名前は咲間 ユキ。名前の通り真っ白の髪をした、私の3つ下…13歳の女の子。どこか他の患者とは違う、浮いた存在だった。



「あのね、もうそろそろ交流の時間、だから……あの、むかえに来たの」


暖かそうな手袋に包まれた両手はノブを離れ、恥ずかしそうに赤く染めた頬に添えられている。

ちらちらとこちらを見る姿は小動物を感じさせた。


一見、普通に可愛い女の子。

彼女は極度の潔癖症から拒食症となり入院したという。

……私が見ているこの極々短い時間でも、彼女の異常性は十分に理解できた。


ユキは常に強迫観念に縛られた生活をしている。

清潔なものを好み、不潔なものには近づかない。
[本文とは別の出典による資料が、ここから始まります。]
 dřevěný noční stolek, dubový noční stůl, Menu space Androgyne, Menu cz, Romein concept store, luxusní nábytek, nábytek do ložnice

手洗い場を見るや手は肘まで、顔までを洗いだし10分はその場を離れない。

空調の完備された室内でもコートは脱がず、毎日、下手をすると数時間ごとに違う手袋をしていた。


彼女にはこの空気や、日々の糧すら不潔なものに思えるらしい。

異物を体内に取り込むことが不快でならない、いつもそう言っていた。


いつから拒食症と付き合っているのか彼女は小柄で、骨と皮しかないような外見をしていた。
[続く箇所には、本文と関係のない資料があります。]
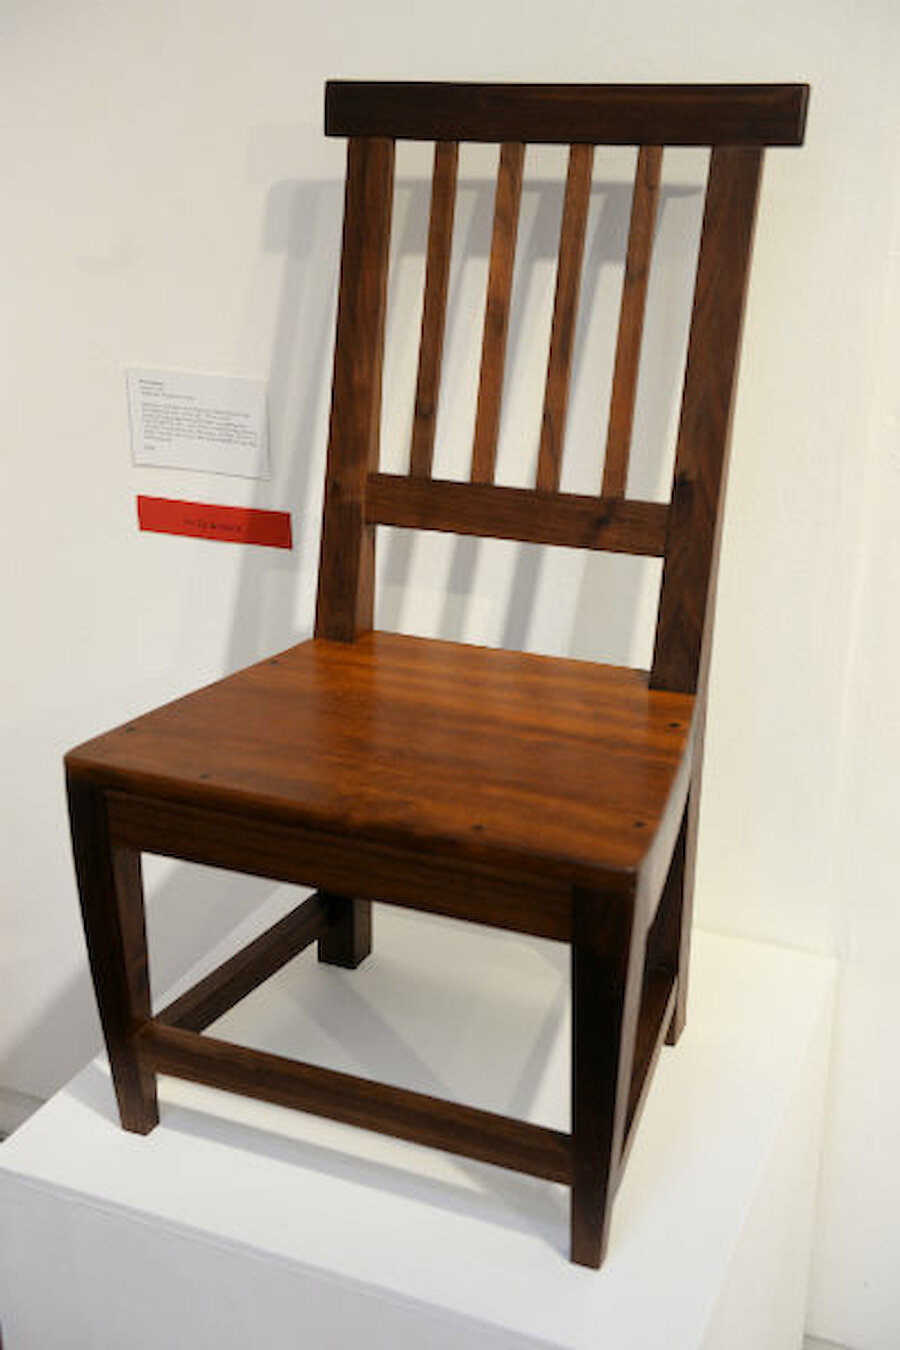 Eve Eunson's Leogh Chair (Courtesy Alastair Hamilton)

その姿がいやに庇護欲をそそり、私は柄にもなく世話を焼いている。





ユキに促され、私はしろから抜け出した。

向かう先は交流室だ。そこにはいろんな色がある。しかし自分から向かうには億劫な場所だった。

連れ出してくれるこの子がいなければ、私はきっとあそこに閉じこもっているだけだったろう。



ぼんやりと、先を行くユキの背中を見つめる。



――初めてユキに会ったのは件の交流室だった。


初めて交流室に行った日。私は緊張で手が汗ばむのが妙に気持ちわるくて、真っ先に備えつけの手洗い場に向かったんだったと思う。
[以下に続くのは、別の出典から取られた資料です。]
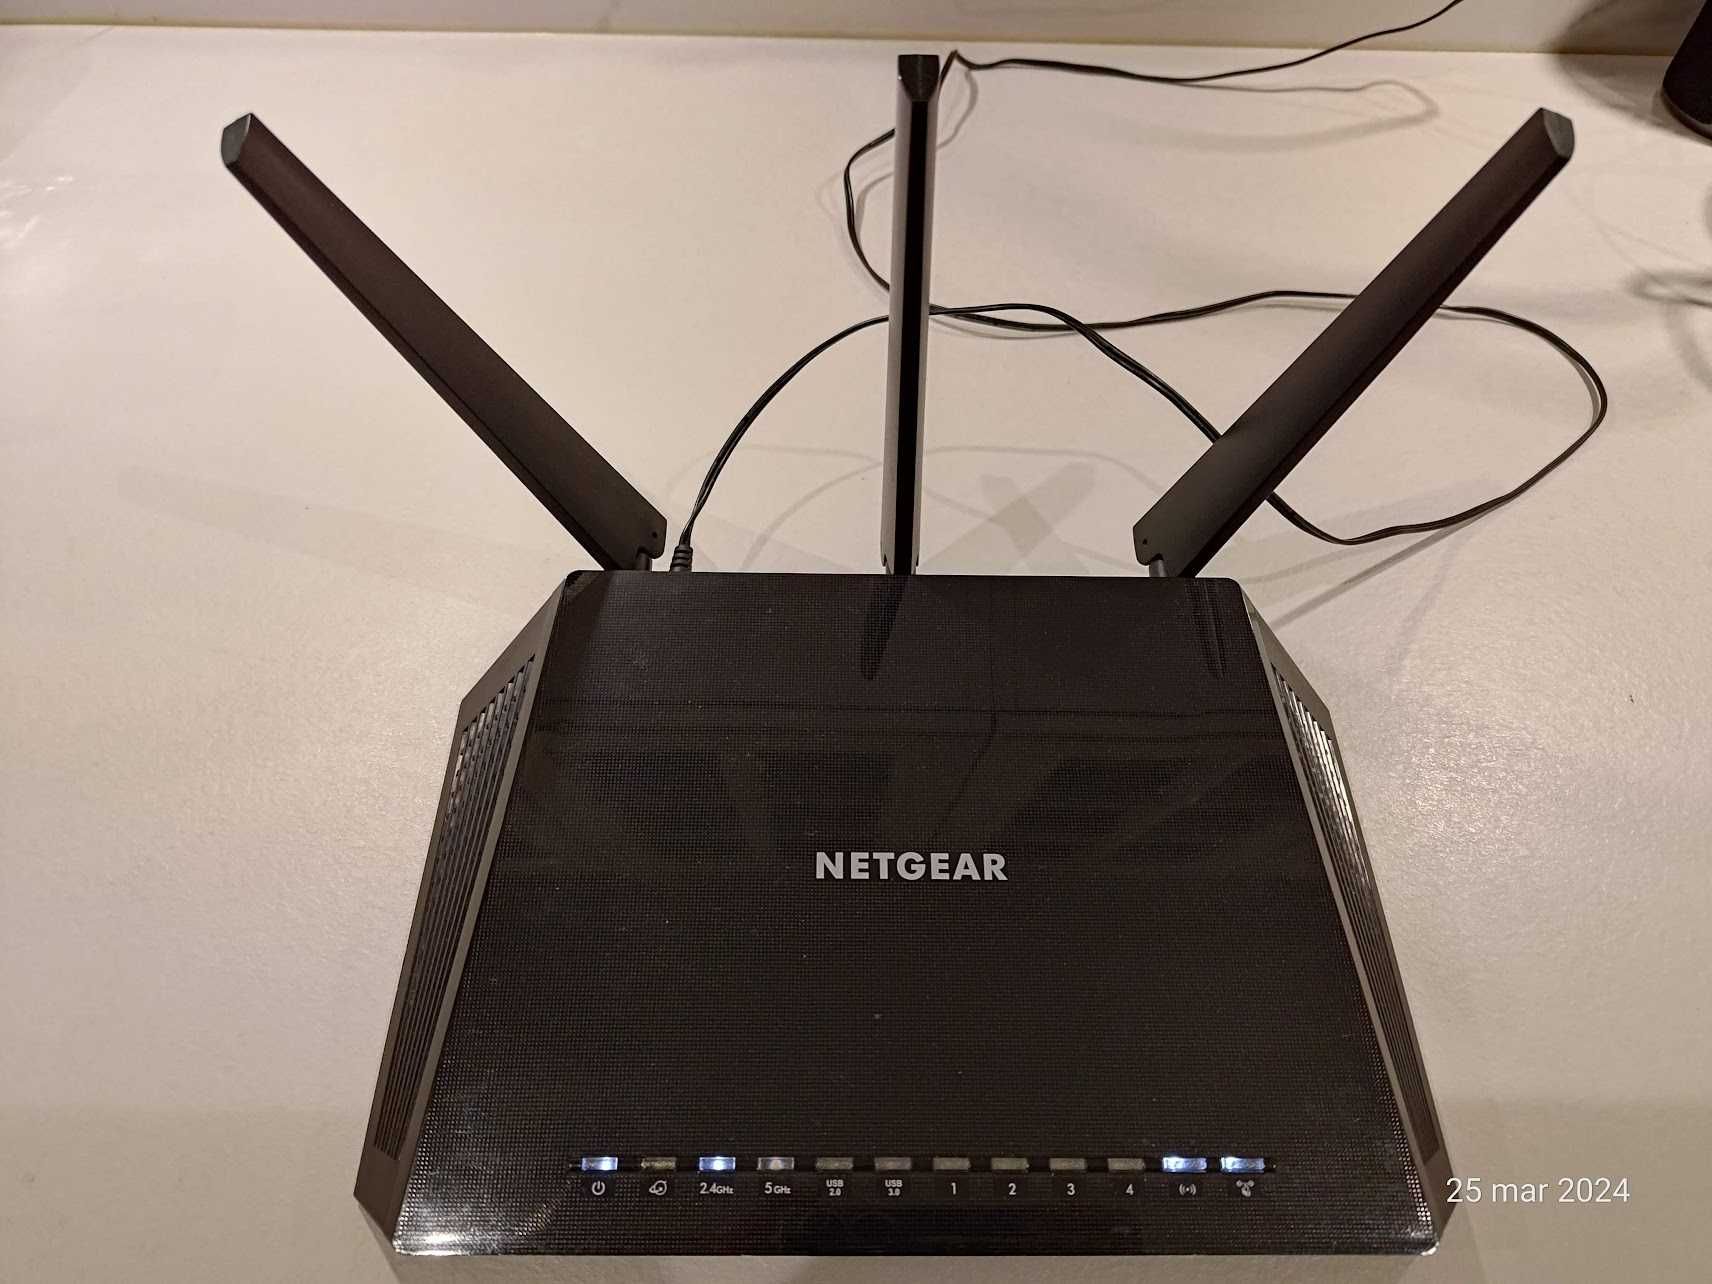 Router Netgear R6800 — AC1900 Dual Band Gigabit

そこにはひたすら水を流し続けている女の子がいた。それがユキ。

最初は何をしているのか分からなくて、とにかく彼女がそこを退くのを待ってた。でも、どれだけ待っても水を止める気配すらなくて。


私は彼女の手元を覗き込んだ。


手は真っ赤だった。

冬の冷たい水にずっとさらされていたからだとすぐにわかったけど、普通はそんな風になるまで手は洗わない。明らかに異常な光景だった。真っ白な手首との差が痛々しさを強調して怖いくらいだったのをよく覚えている。

まさかあんな長時間手を洗ってるなんて思わなくて、止めるという選択ができなかったんだ。


私に気付くでもなく、一心不乱に手を洗い続けるユキは確かに不気味だったのだろう。

あとから考えると、他の患者は意識的に距離を置いていたんだと思う。看護師ですらも。


でもその時は私はそんなこと全く気付かなくて、彼女の手を見て、

「キレイだね」と声を掛けてた。


その時のユキの驚いた顔といったら。……いや、私もきっと同じような顔をしていたと思う。

口に出すつもりはなかったから。痛々しい赤と白の対比が綺麗だ、なんて不謹慎なことを。



なぜかその時から、ユキは私に付いて回っている。

キレイだと言われたのが嬉しかったんだと思う。彼女の望む「キレイ」とは、きっと違ったのに。